2. Whether the claimant Union have locus standi to bring this suit on behalf of the claimants.
3. Whether this cause of action filed by the claimants is tenable in law.
On 1st issue, it is true that the cause of action arose in March, 2008. This was before the Employment Act 2007 commenced its operation on 2. 6.2008. S. 62 of the LR Act, a trade dispute may be reported to the Minister in a prescribed form and manner by or on behalf of a trade Union, employer or employers' organization that is a party to the dispute or by the authorized representative of an employer, employer's organization or trade Union on whose behalf the trade dispute is reported. Such a dispute under S5(3) of 562. If it concerns dismissal or termination of an employee shall be reported to the Minister within 90 days of the dismissal or any longer period that the Minister on good cause permits. Pursuant to this provision the dispute concerning this case was reported to the Minister vide the claimants Appendix VI herein and was accepted. A conciliator was appointed as exhibited by Appendix V as provided under S. 65 of the LRA. Under S. 67 of the LRA, once a conciliator is appointed, he is expected to resolve the dispute within 30 days or any extended period agreed by the parties to the dispute.
Under S. 69 of LRA a trade dispute is deemed unresolved by the conciliator if:-
“ (a) a conciliator issues a certificate that the dispute has not been resolved by conciliation or
(b) thirty days period from the appointment of the conciliator or any longer period agreed to by the parties, exposer.

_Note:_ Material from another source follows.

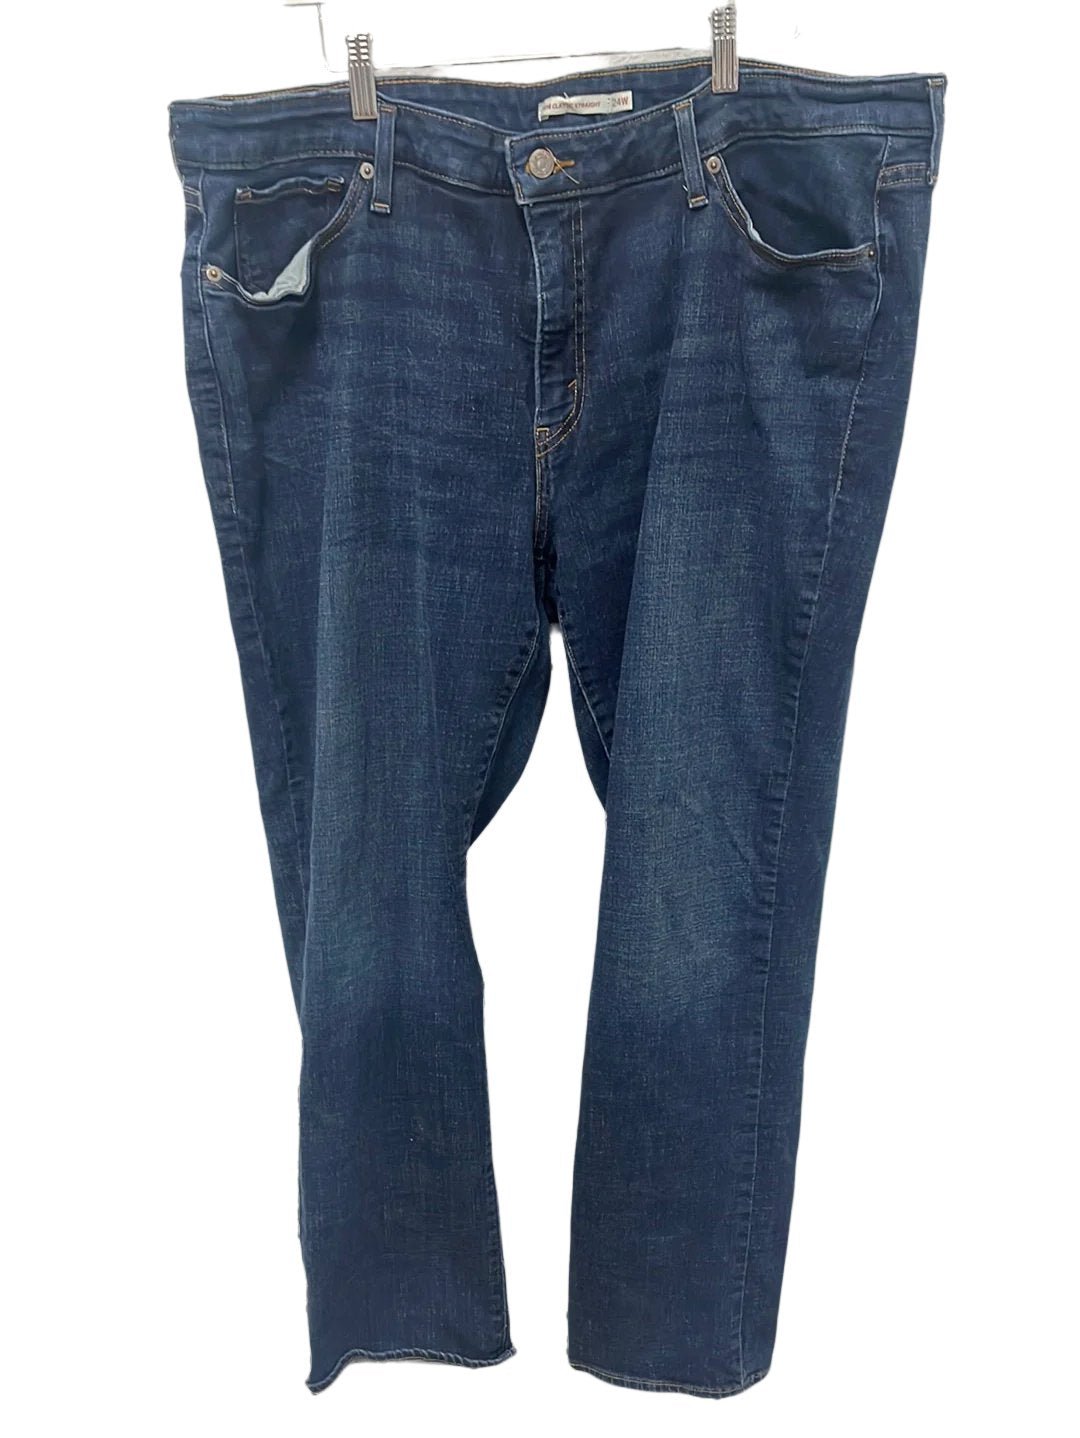 Levi's 414 Classic Straight Leg Jeans - Size 24W

Under S. 73 (1) - “If a trade dispute is not resolved after conciliator, a party to the dispute may refer it to the Industrial Court in accordance with the rules of the Industrial Court”
I believe that the process of referring the case to the Industrial court under the LRA is as followed by the claimants herein after the conciliator gave them a certificate of failing to resolve the dispute as per their Appendix IV herein.
It is true that S. 90 of Employment Act 2007 cups the time within which to file a suit like this at 3 years. This does not however oust the provision of the Labour Relations Act 2007 which provides for ways of instituting suit after going through the dispute resolution mechanism through the Labour Ministry. So long as the time lines envisaged under the Labour Relations Act as complied with, the cup of 3 years does not in my view intend to lock out litigants who opt to seek justice through the conciliation route which is even encouraged under our Constitution and S. 15 of the ICA, 2011 concerning the question oflocus under S.12(2) of the Industrial Court Act 2011.
“An application, claim or complaint may be lodged with the court by or against an employee, an employer, a trade union, an employer's organization, a federation, the Registrar of Trade Union, the cabinet Secretary or any office established under any written law for such purpose.”
To contend that the trade Union herein does not have locus standi to file this case is therefore wrong as the trade Unions are givenlocusby virtue of the above section.
Lastly, on the issue of a cause of action, what the parties herein seek are remedies following a wrongful termination. S. 162(2) of the Constitution states that “Parliament shall establish courts with the status of the High Court to hear and determine disputes relating to:-
a) employment and labour relation; and ----”
the Industrial Court as it is is a special court to handle all employment and labour relations cases as is the suit before court. To allege that there is no cause of action for the court to determine is to preempt the hearing of this case and its outcome. If there is no cause of action, this court will make a finding on the same. However to raise the matter as a preliminary objection is premature.
I do agree with the claimants that they have locus to bring this matter to court and they are not time barred. I find the preliminary objection has no merit and I dismiss it with costs to the claimants.
HELLEN WASILWA
JUDGE
9/05/2013
Appearances:-
N/A for Claimant.
Betty Asuna Counsel h/b Ogutu for Respondent.